Problem description: Everything from the line containing "Купить Модуль памяти" down to the last line below should be set down exactly, and only that, without the pictures.

Given material:
┄┄┄┄┄┄┄┄┄┄

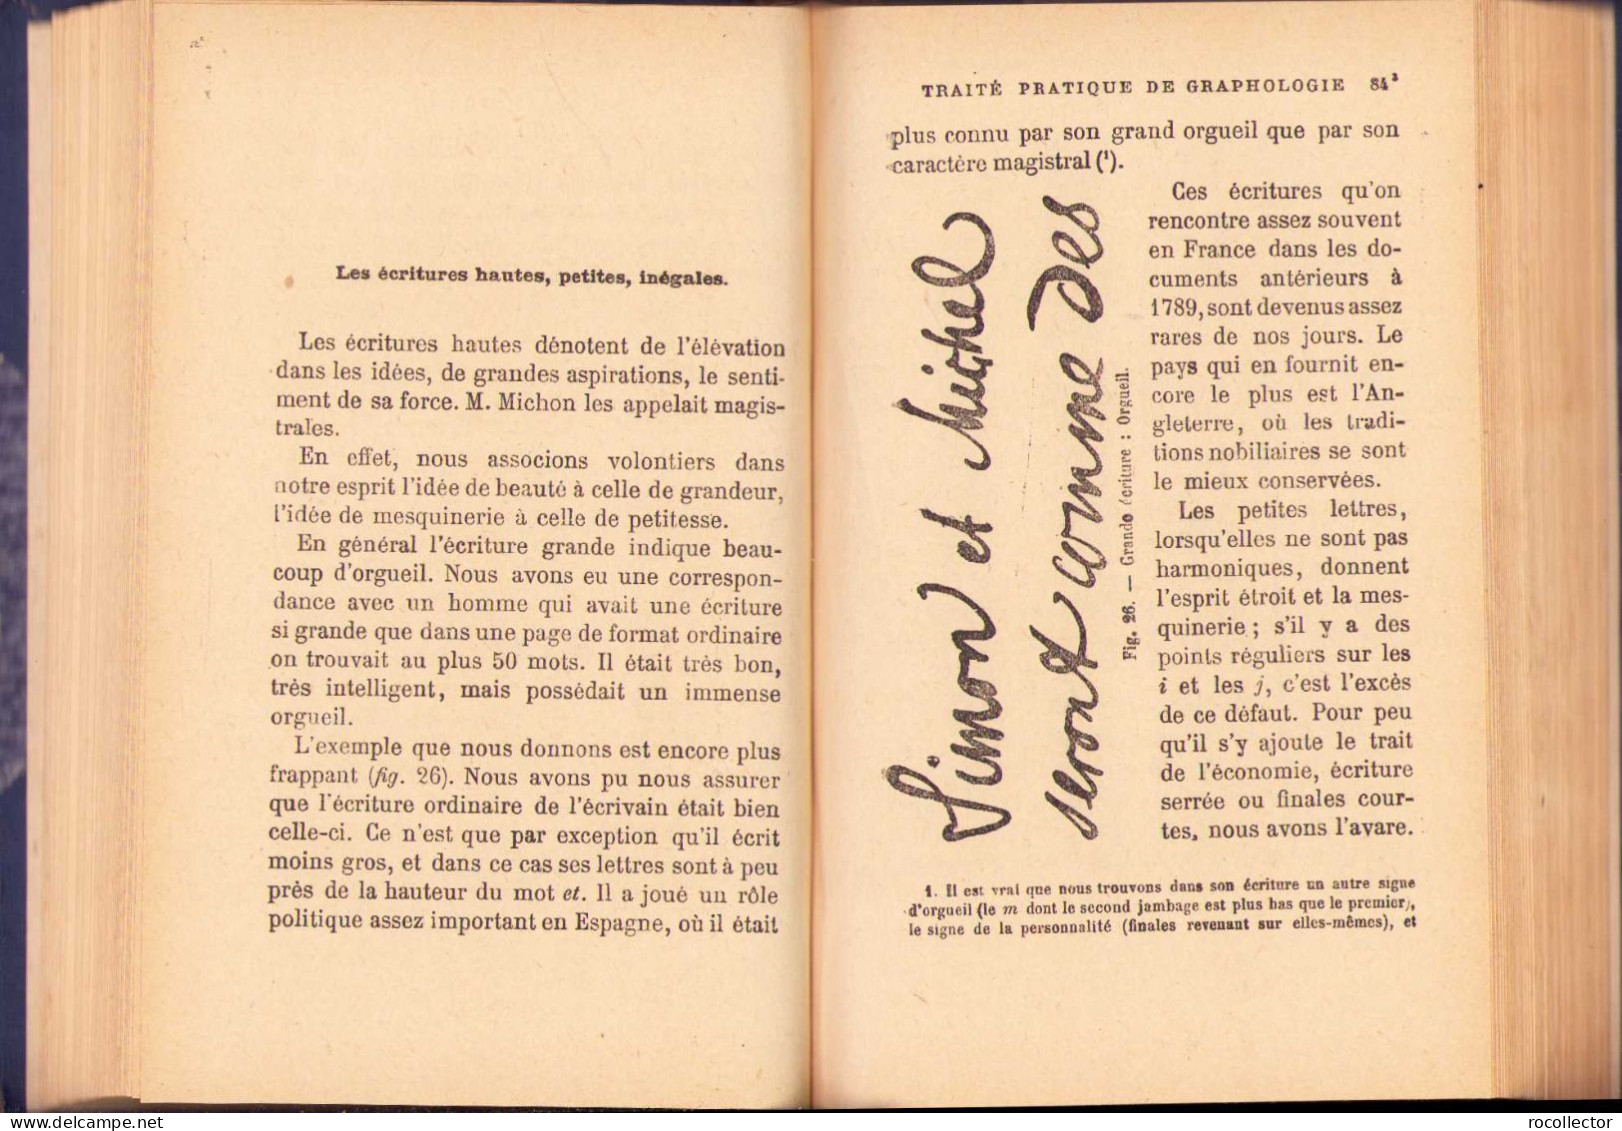 Traité Pratique de Graphologie : Étude du Caractère de l’Homme d’après son Écriture par J. Crepieux-Jamin, Paris 294SP
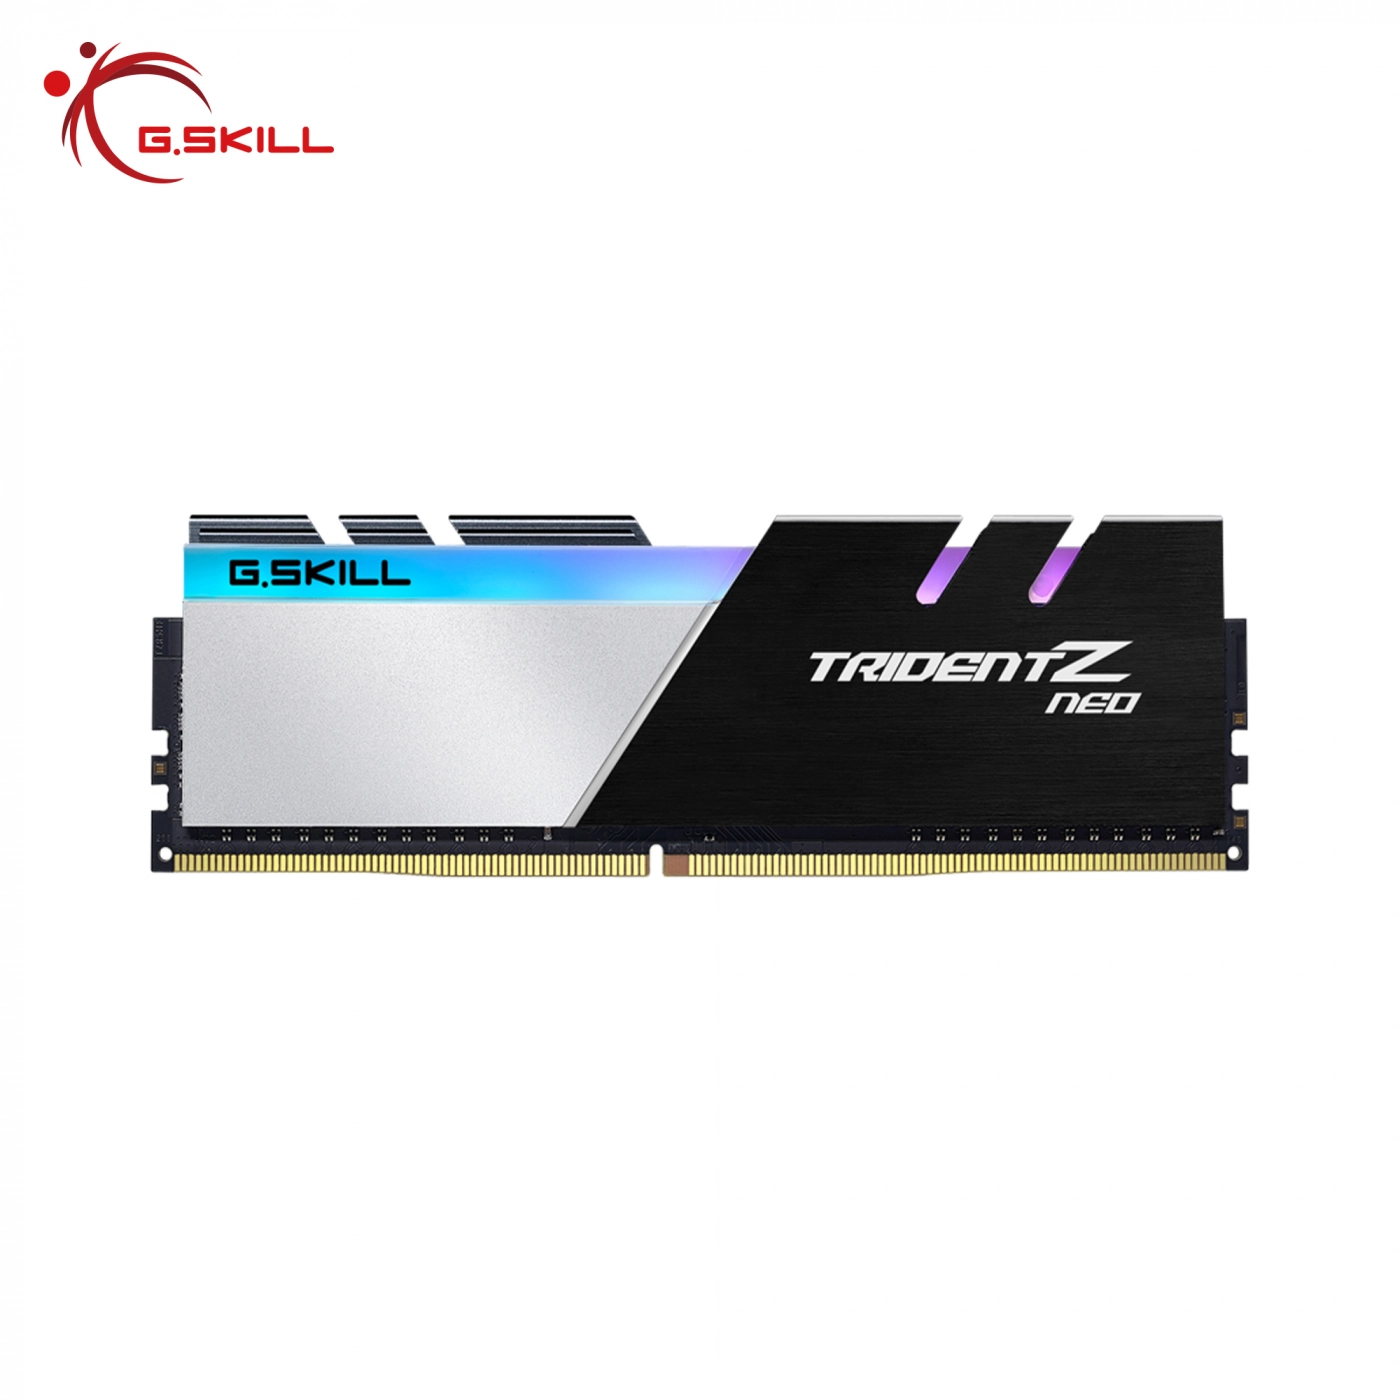 Купить Модуль памяти G.Skill Trident Z Neo DDR4-3600 CL16-16-16-36 1.35V 32GB (2x16GB) - фото 3
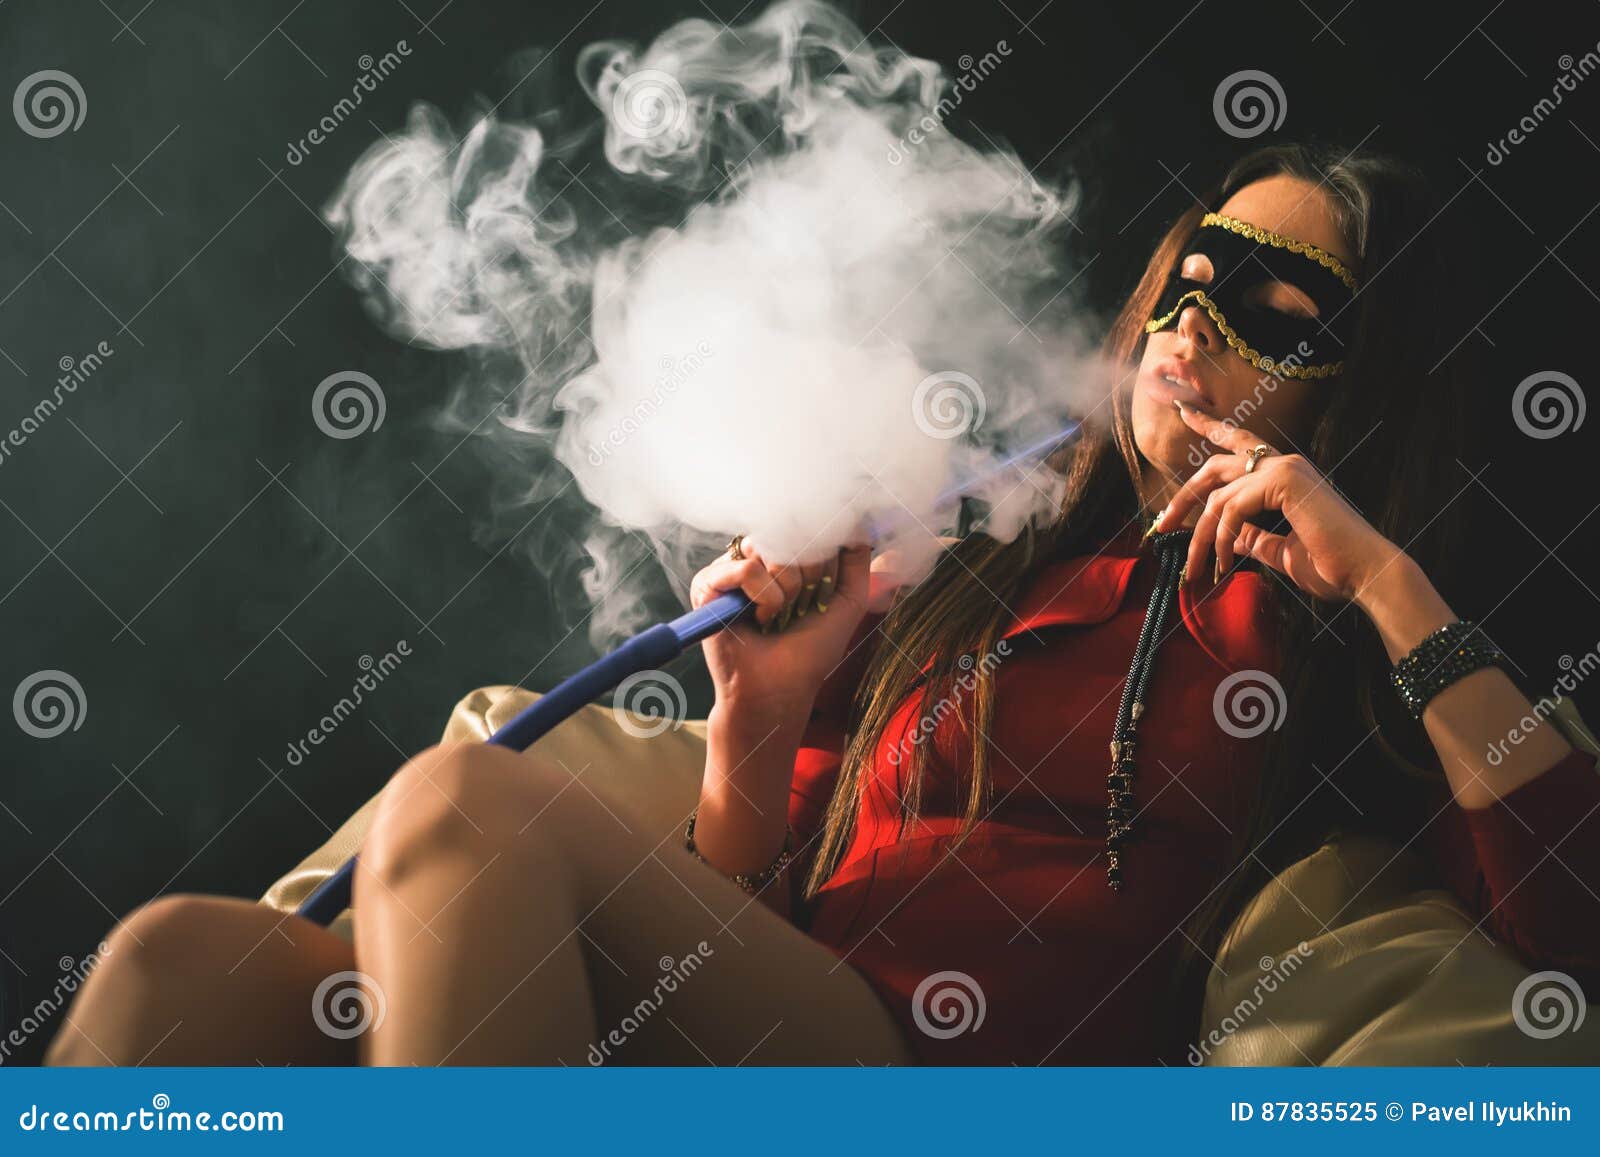 复古造型模型与长香烟。抽着长烟的女人。插画图片素材_ID:304477148-Veer图库
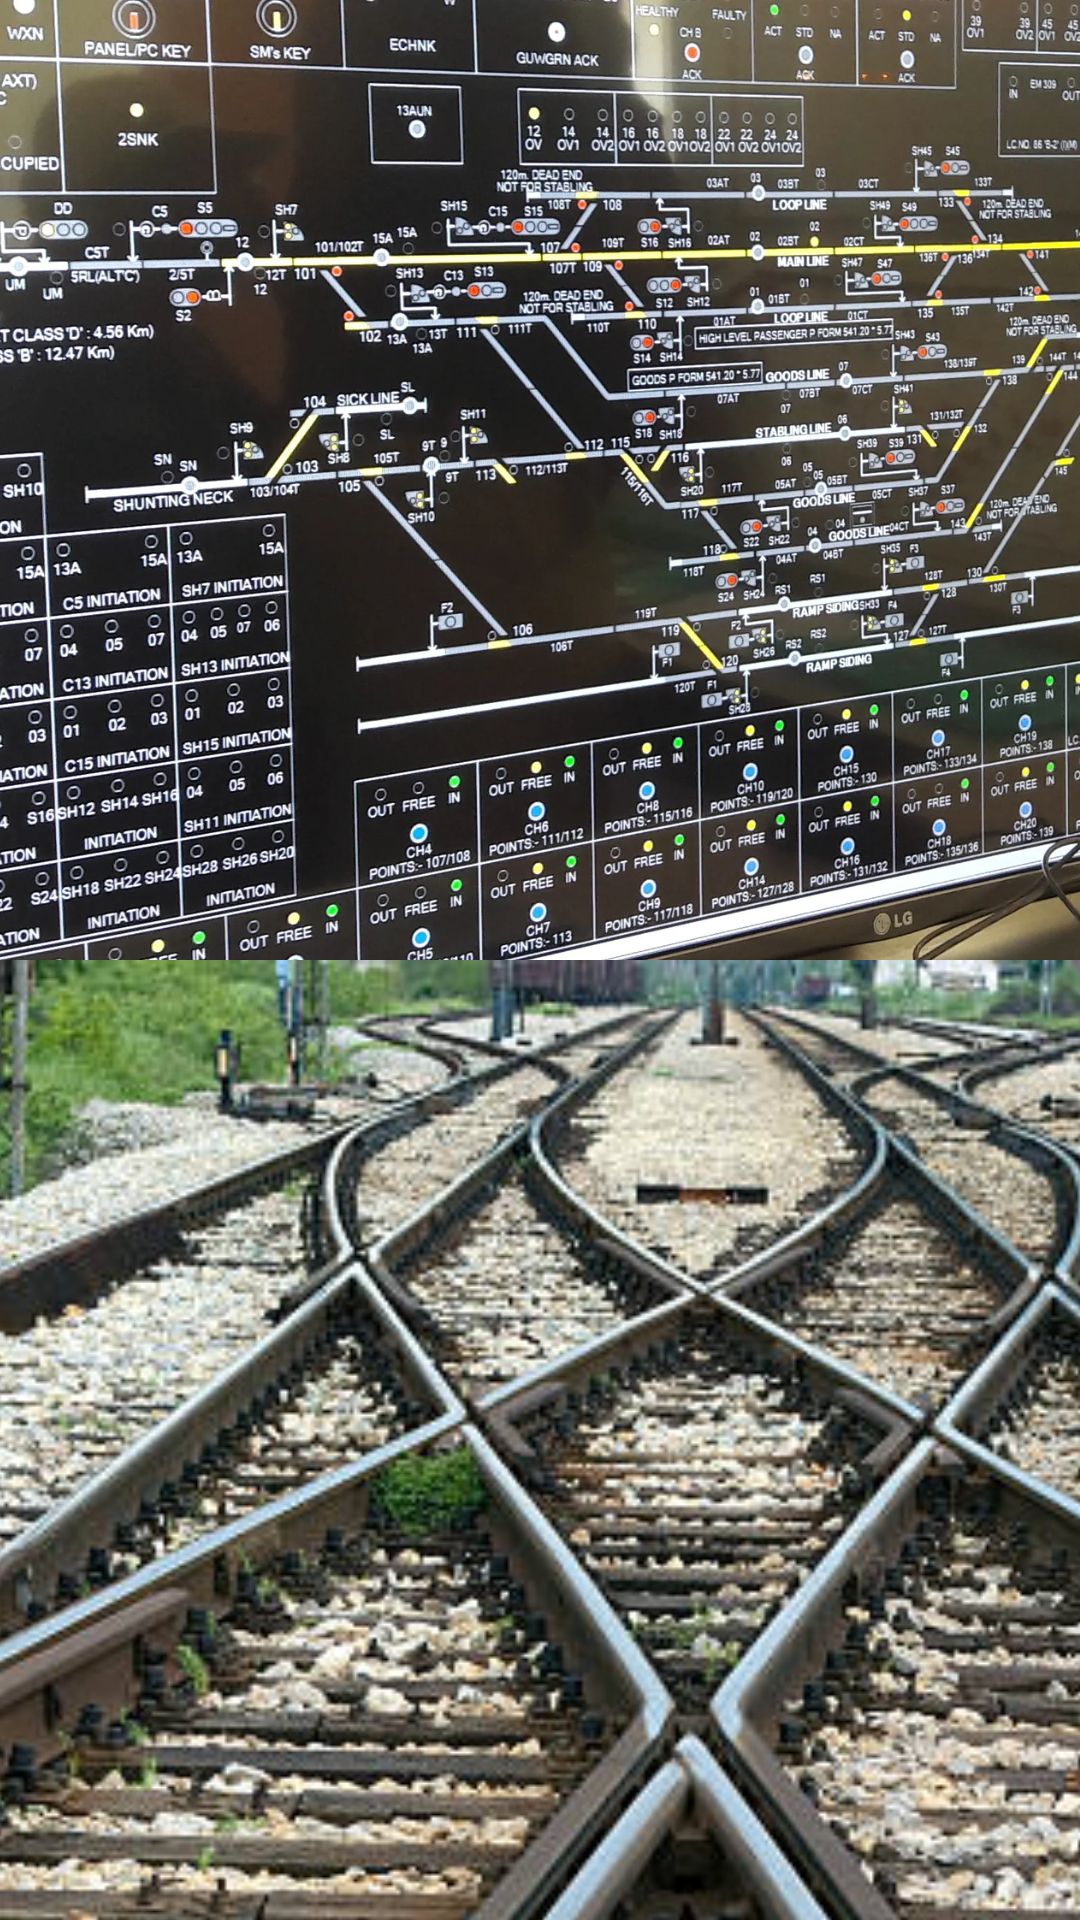 रेलवे में क्या होता है इलेक्ट्रॉनिक इंटरलॉकिंग सिस्टम?

┄┄┄┄┄┄┄┄┄┄

Task result:
 Купить Модуль памяти G.Skill Trident Z Neo DDR4-3600 CL16-16-16-36 1.35V 32GB (2x16GB) - фото 3
 复古造型模型与长香烟。抽着长烟的女人。插画图片素材_ID:304477148-Veer图库
 रेलवे में क्या होता है इलेक्ट्रॉनिक इंटरलॉकिंग सिस्टम?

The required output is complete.